> _TASK INSTRUCTIONS_:
How many lines of the entries hold the string "Mädchen"? Reply with the number alone.

◆ ◆ ◆ ◆

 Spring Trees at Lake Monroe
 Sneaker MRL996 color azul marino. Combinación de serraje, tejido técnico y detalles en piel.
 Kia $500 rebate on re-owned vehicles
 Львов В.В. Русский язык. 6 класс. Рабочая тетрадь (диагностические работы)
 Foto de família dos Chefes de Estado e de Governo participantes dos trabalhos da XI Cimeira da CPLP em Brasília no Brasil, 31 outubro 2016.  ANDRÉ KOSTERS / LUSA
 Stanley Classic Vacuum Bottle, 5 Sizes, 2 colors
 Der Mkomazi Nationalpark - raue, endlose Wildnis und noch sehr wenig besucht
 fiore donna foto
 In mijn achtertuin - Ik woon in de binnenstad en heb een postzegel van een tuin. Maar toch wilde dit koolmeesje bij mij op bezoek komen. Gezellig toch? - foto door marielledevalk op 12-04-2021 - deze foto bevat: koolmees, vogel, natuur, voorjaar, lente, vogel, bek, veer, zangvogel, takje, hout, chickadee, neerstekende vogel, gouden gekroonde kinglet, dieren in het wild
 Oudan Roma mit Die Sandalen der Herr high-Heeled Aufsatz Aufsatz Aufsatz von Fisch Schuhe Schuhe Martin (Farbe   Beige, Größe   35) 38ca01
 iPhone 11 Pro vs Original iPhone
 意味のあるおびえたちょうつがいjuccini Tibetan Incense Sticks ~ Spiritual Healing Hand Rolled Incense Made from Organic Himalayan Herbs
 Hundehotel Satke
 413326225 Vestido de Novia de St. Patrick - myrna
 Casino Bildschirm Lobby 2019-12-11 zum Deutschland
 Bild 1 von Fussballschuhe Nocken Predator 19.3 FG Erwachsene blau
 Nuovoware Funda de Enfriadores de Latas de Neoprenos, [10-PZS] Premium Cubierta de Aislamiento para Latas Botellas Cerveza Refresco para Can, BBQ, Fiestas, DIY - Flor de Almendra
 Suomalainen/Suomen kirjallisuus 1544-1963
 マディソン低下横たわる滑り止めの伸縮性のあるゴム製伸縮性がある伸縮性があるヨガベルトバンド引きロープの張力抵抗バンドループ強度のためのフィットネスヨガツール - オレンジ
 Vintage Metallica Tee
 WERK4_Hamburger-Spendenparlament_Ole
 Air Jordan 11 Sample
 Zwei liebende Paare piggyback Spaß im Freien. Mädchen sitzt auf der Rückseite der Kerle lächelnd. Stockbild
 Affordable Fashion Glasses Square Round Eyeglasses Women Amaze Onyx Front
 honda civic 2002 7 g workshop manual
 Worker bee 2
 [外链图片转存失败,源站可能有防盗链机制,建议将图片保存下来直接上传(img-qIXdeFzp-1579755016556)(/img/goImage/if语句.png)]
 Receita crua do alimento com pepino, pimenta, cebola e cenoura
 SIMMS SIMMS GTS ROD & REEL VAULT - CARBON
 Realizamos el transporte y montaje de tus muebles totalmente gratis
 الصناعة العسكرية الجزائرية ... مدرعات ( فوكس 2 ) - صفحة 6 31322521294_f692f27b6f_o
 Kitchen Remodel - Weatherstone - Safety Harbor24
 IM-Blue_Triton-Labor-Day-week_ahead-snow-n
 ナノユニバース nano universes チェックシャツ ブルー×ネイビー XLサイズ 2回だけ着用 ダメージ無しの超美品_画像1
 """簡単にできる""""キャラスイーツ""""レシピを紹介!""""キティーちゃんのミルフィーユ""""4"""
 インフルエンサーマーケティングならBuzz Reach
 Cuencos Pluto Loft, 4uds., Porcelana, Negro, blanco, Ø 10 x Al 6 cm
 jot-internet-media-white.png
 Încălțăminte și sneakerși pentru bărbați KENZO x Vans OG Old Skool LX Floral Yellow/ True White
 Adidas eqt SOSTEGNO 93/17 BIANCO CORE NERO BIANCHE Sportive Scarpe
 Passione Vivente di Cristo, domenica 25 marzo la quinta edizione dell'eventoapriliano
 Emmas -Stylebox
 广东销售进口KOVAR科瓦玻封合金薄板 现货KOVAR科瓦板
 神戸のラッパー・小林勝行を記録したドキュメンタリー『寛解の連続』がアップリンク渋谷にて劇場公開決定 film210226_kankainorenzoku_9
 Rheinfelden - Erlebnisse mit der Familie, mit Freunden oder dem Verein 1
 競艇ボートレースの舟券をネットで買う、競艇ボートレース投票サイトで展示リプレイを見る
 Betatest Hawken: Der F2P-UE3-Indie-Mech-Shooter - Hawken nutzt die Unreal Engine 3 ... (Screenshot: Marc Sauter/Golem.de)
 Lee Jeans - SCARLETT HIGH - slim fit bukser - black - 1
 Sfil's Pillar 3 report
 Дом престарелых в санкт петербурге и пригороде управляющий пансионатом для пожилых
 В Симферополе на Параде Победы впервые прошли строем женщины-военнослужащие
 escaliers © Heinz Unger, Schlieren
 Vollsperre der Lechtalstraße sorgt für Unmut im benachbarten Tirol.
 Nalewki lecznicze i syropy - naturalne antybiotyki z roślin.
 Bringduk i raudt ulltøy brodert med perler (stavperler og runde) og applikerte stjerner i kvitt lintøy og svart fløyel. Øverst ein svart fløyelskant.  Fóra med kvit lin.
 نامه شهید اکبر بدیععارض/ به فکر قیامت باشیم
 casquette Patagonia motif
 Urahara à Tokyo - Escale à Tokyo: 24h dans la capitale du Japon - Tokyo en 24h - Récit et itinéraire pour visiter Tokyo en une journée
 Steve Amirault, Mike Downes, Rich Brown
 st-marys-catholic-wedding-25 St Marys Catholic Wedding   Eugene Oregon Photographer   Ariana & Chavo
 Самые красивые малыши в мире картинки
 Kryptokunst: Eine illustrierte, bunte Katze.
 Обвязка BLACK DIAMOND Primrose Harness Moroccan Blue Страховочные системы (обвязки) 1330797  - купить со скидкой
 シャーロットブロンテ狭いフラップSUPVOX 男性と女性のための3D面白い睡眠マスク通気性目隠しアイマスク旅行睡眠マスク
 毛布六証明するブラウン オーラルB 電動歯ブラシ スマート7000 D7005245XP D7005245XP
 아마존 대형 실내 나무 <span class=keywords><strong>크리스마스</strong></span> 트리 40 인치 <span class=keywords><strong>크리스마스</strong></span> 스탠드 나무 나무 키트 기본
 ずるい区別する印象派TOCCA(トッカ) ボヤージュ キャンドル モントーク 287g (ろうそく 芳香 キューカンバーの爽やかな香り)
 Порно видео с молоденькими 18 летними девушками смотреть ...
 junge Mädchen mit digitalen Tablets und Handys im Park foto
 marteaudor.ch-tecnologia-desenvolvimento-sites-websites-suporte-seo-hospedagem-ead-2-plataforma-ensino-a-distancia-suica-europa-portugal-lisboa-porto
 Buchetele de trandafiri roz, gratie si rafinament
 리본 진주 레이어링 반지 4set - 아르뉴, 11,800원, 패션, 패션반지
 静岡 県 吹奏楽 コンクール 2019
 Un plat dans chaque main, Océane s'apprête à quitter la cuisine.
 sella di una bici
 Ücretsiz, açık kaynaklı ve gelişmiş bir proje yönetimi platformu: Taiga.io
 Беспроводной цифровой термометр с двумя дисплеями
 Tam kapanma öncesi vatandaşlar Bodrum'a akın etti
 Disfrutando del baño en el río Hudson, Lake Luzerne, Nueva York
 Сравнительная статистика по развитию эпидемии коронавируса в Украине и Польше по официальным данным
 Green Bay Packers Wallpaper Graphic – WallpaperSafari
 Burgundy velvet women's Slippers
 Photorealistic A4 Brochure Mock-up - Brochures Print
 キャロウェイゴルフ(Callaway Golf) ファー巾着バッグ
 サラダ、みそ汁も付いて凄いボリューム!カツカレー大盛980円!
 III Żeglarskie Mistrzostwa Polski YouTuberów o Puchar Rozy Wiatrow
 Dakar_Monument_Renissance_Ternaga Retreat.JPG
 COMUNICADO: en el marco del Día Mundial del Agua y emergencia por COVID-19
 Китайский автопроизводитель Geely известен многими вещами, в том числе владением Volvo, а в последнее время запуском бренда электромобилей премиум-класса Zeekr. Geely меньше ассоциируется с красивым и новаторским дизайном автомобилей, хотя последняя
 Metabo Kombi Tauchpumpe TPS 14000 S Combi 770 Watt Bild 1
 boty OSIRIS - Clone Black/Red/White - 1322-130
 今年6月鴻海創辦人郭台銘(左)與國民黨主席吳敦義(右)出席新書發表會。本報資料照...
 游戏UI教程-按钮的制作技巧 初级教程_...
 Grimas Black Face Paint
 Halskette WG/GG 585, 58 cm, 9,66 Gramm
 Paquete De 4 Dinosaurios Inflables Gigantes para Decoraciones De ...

◆ ◆ ◆ ◆

> _RESULT BELOW_:
2